Your instructions
With pictures left out, set down exactly the lines from the line containing "ชุดเดรสลูกไม้สีฟ้า ปักลายดอกไม้น่ารักสดใส คอกลม" through the last line of the data.

Provided records
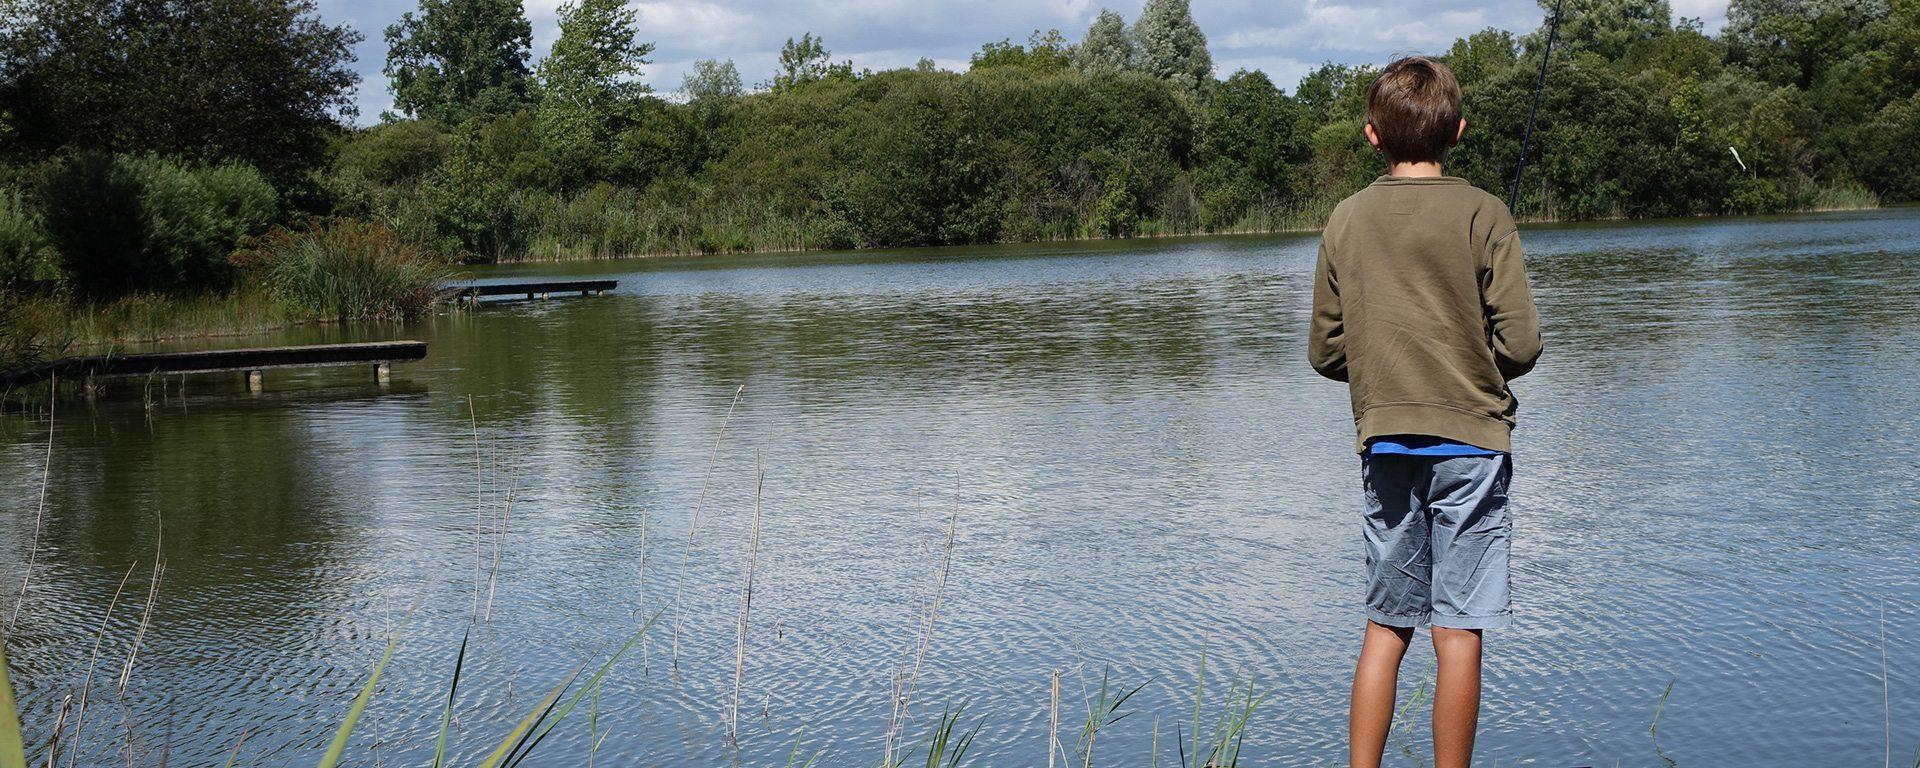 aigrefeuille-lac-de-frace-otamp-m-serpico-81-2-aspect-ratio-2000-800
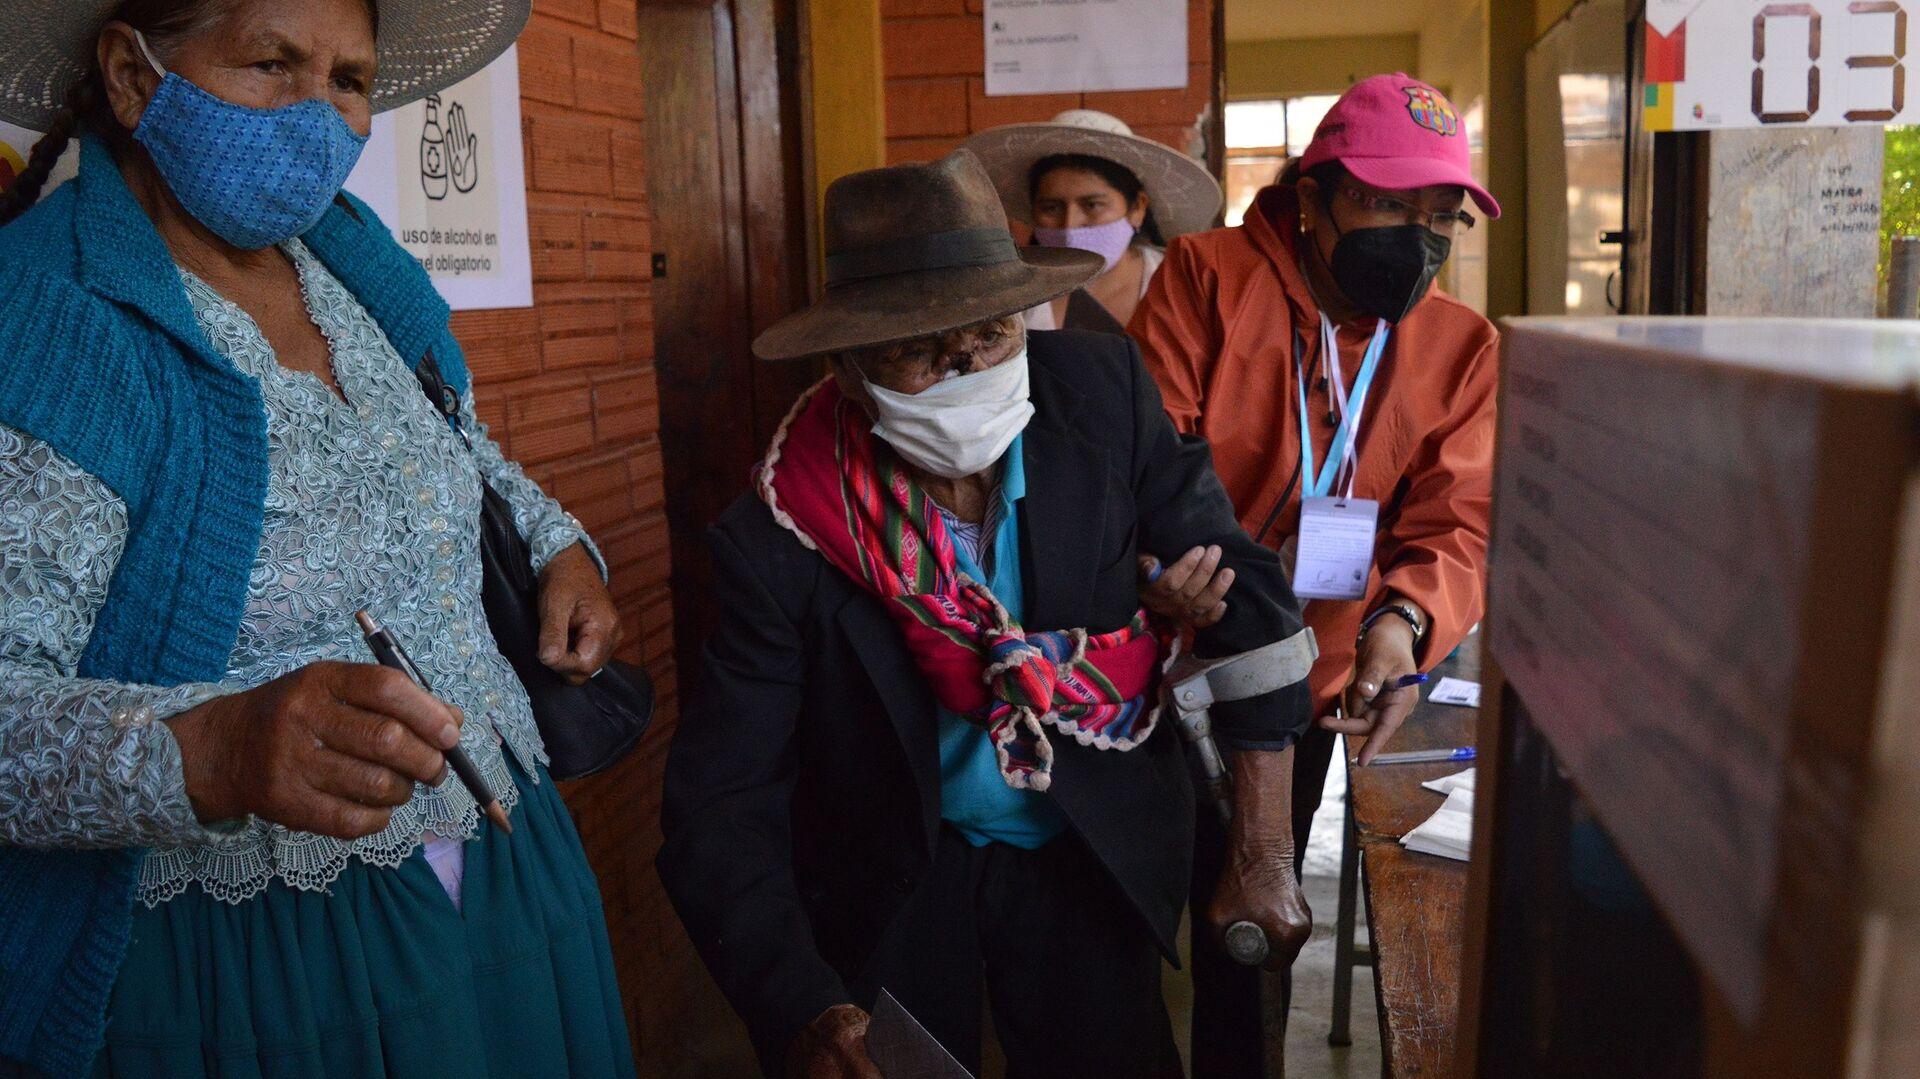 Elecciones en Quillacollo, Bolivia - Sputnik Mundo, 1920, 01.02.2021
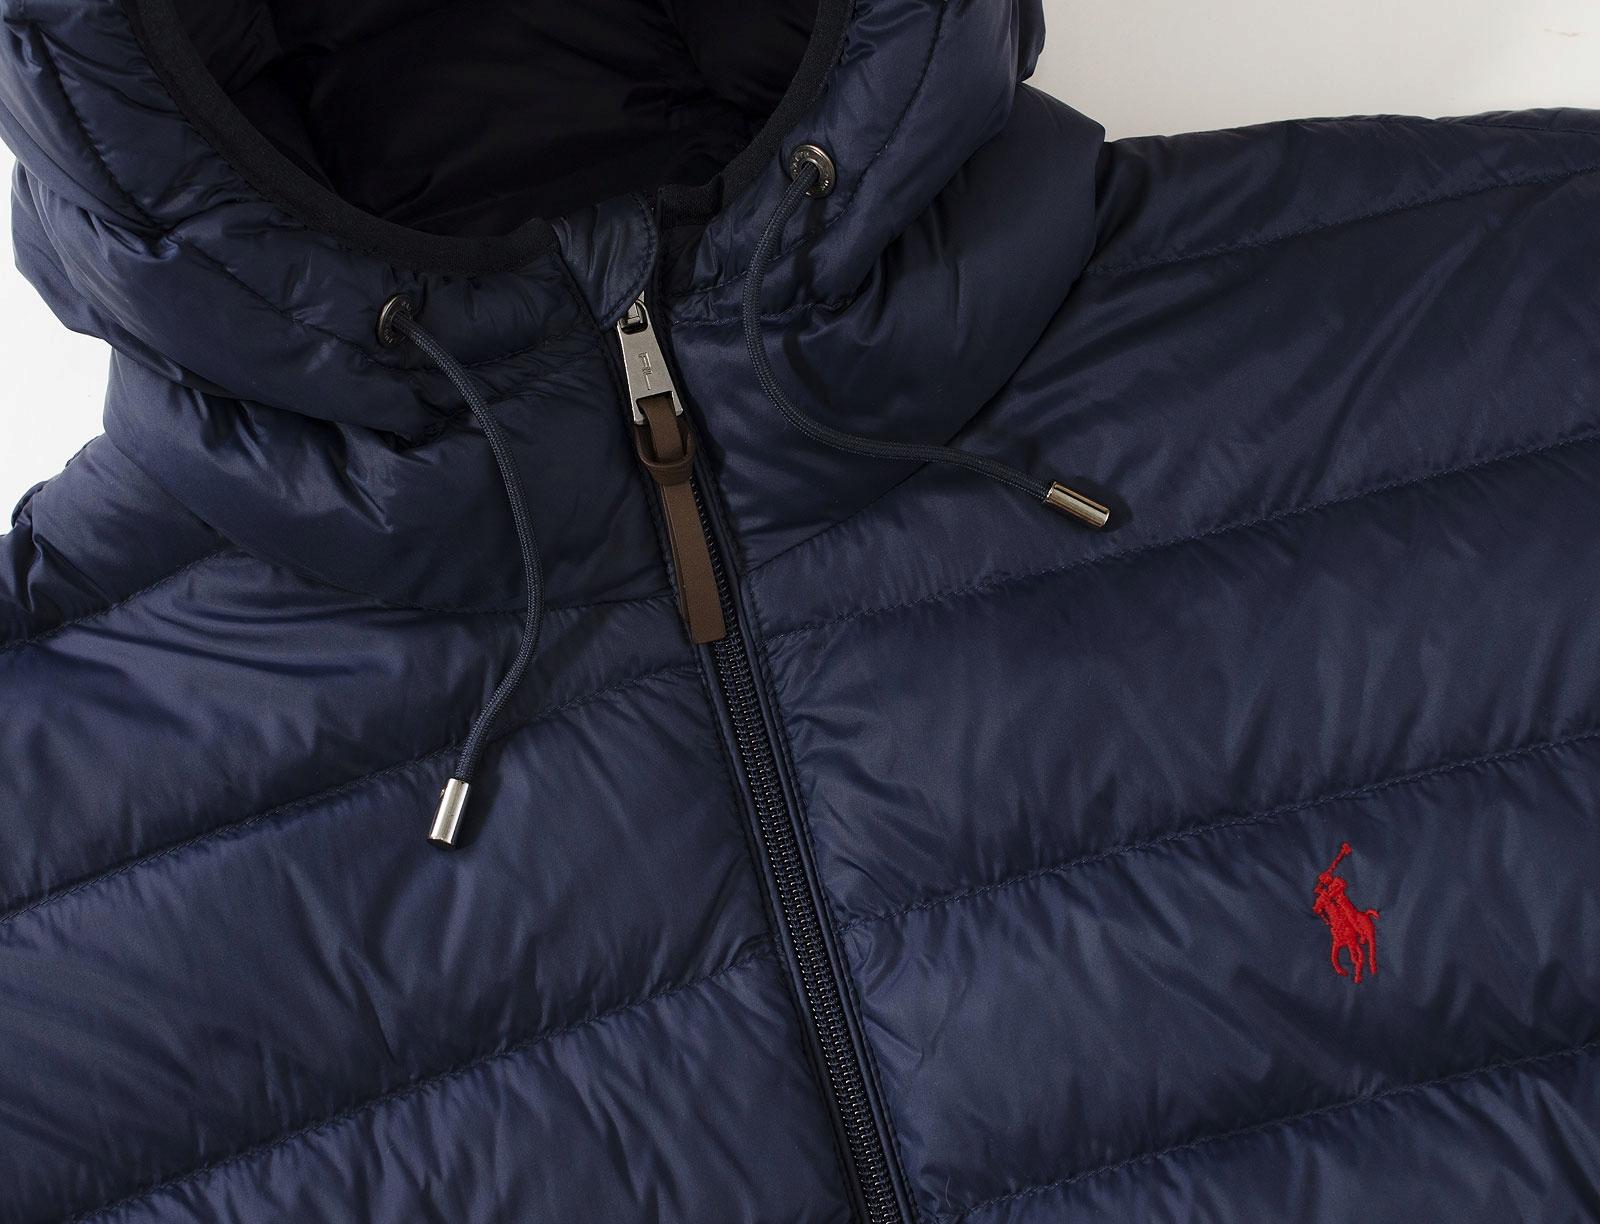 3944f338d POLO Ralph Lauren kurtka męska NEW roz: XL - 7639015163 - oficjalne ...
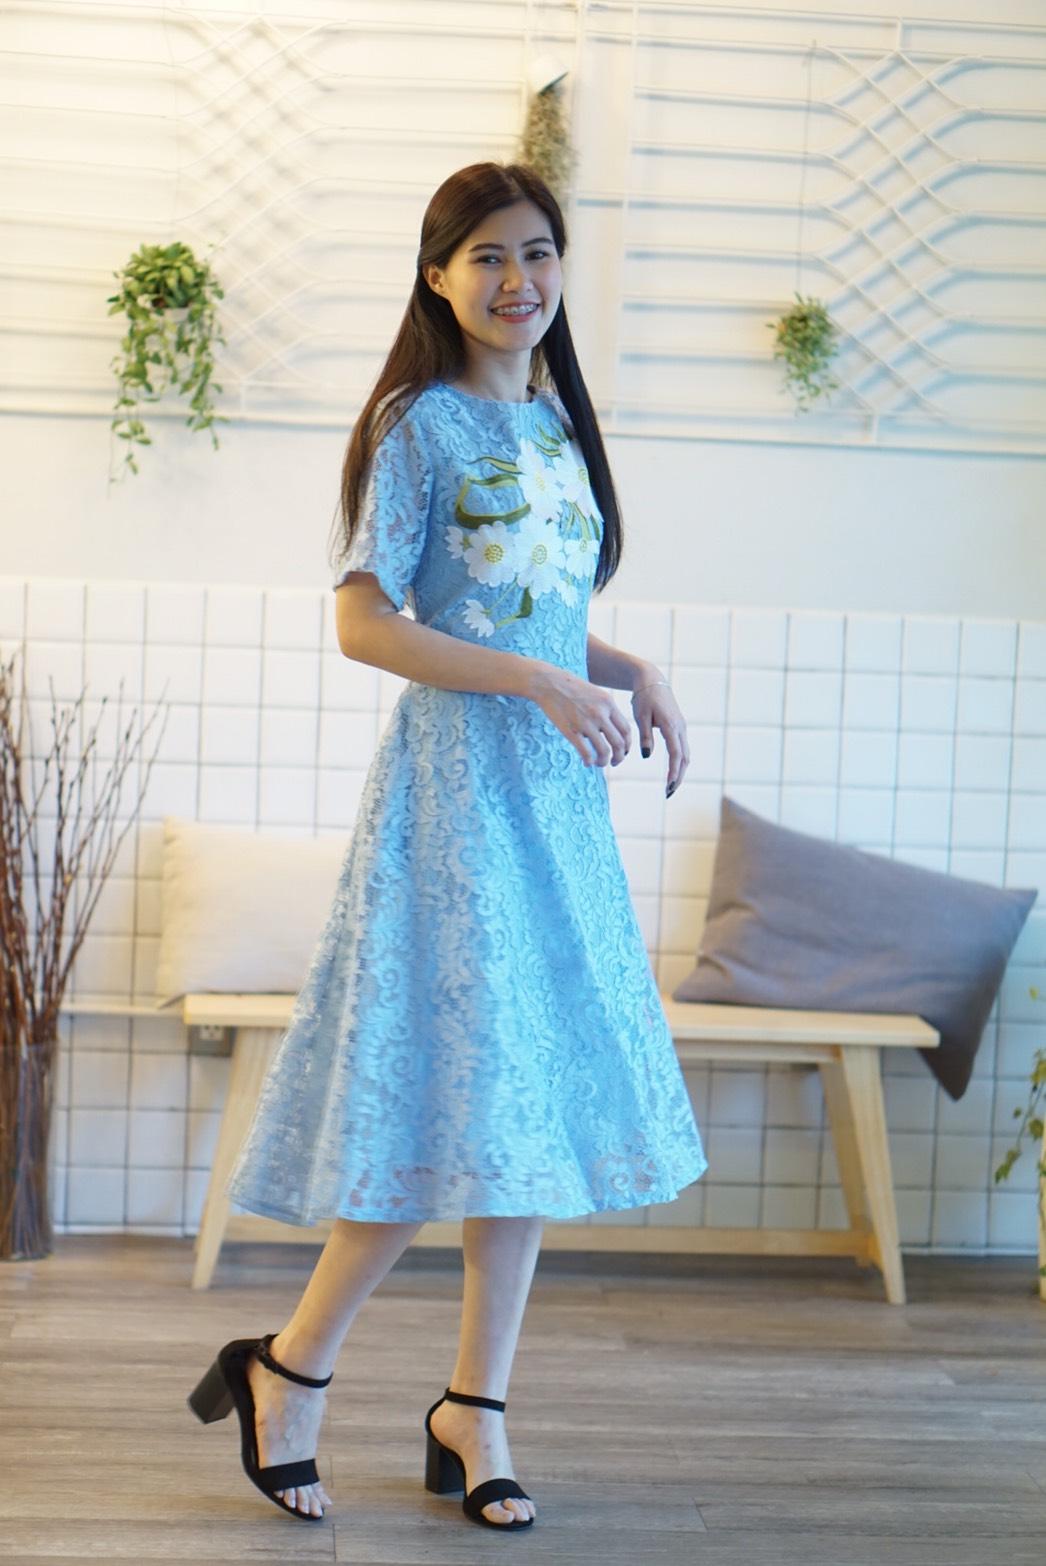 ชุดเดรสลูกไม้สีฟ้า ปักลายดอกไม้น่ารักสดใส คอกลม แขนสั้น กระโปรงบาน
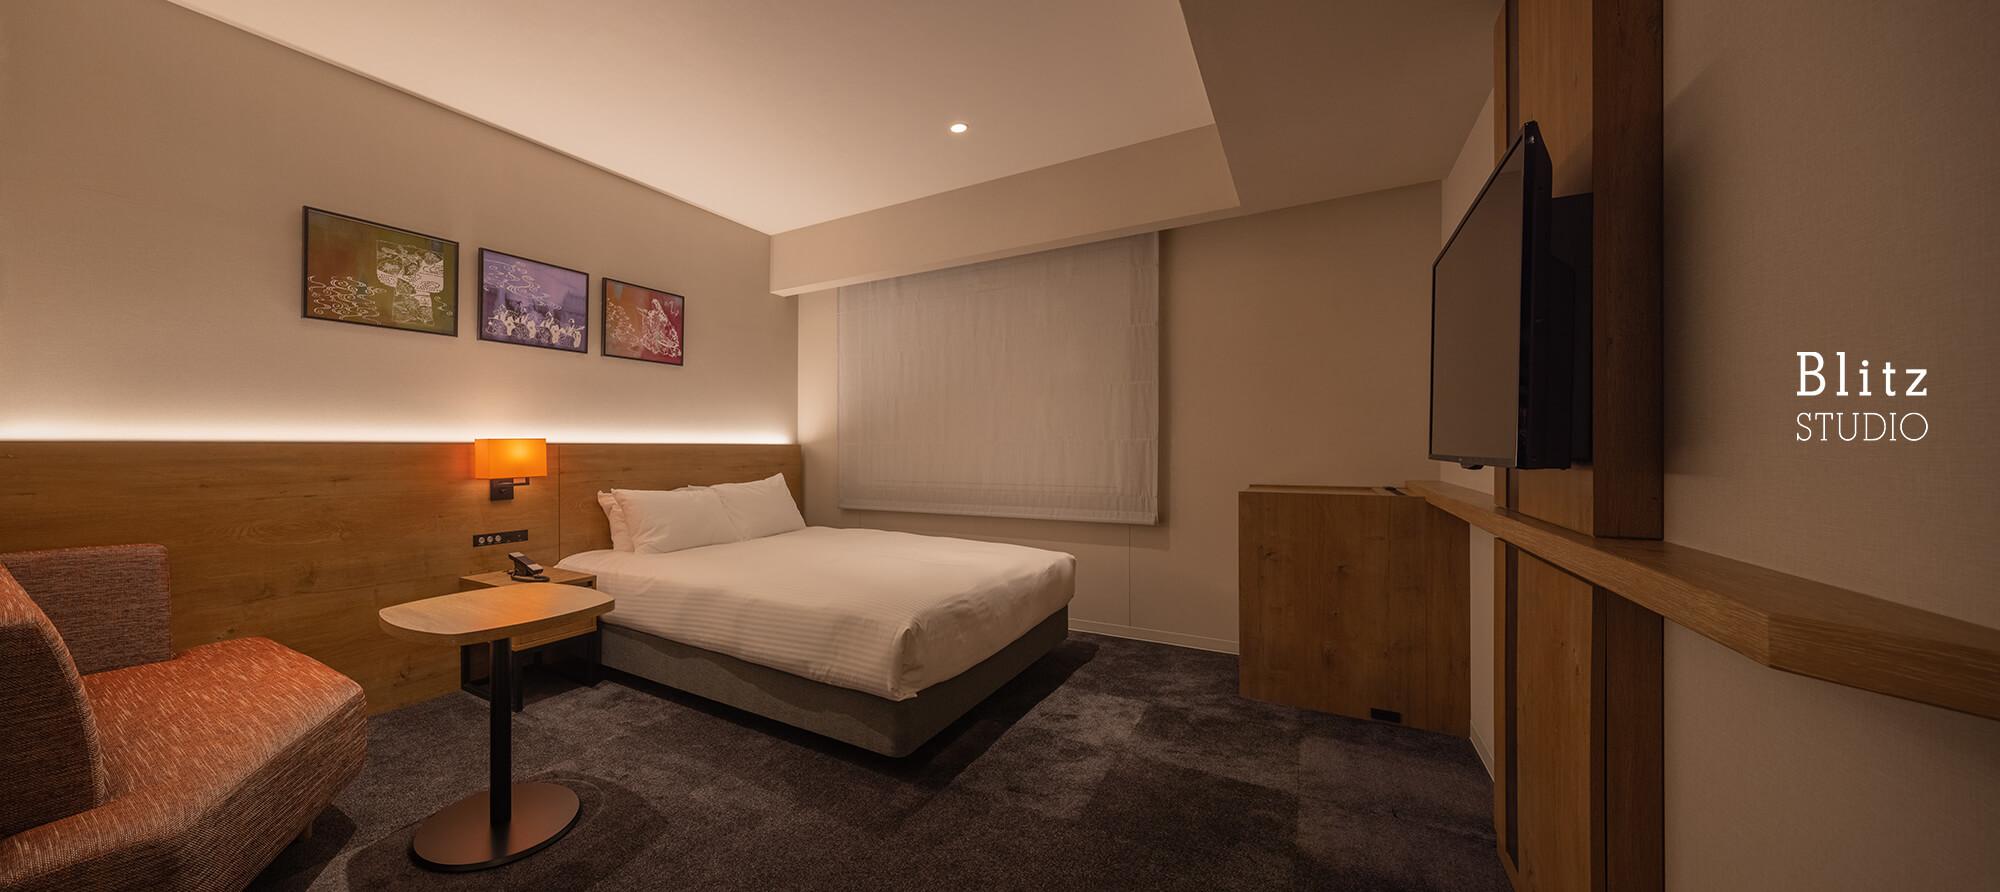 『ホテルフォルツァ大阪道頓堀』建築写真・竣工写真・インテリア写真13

Solution to this problem
 ชุดเดรสลูกไม้สีฟ้า ปักลายดอกไม้น่ารักสดใส คอกลม แขนสั้น กระโปรงบาน
 『ホテルフォルツァ大阪道頓堀』建築写真・竣工写真・インテリア写真13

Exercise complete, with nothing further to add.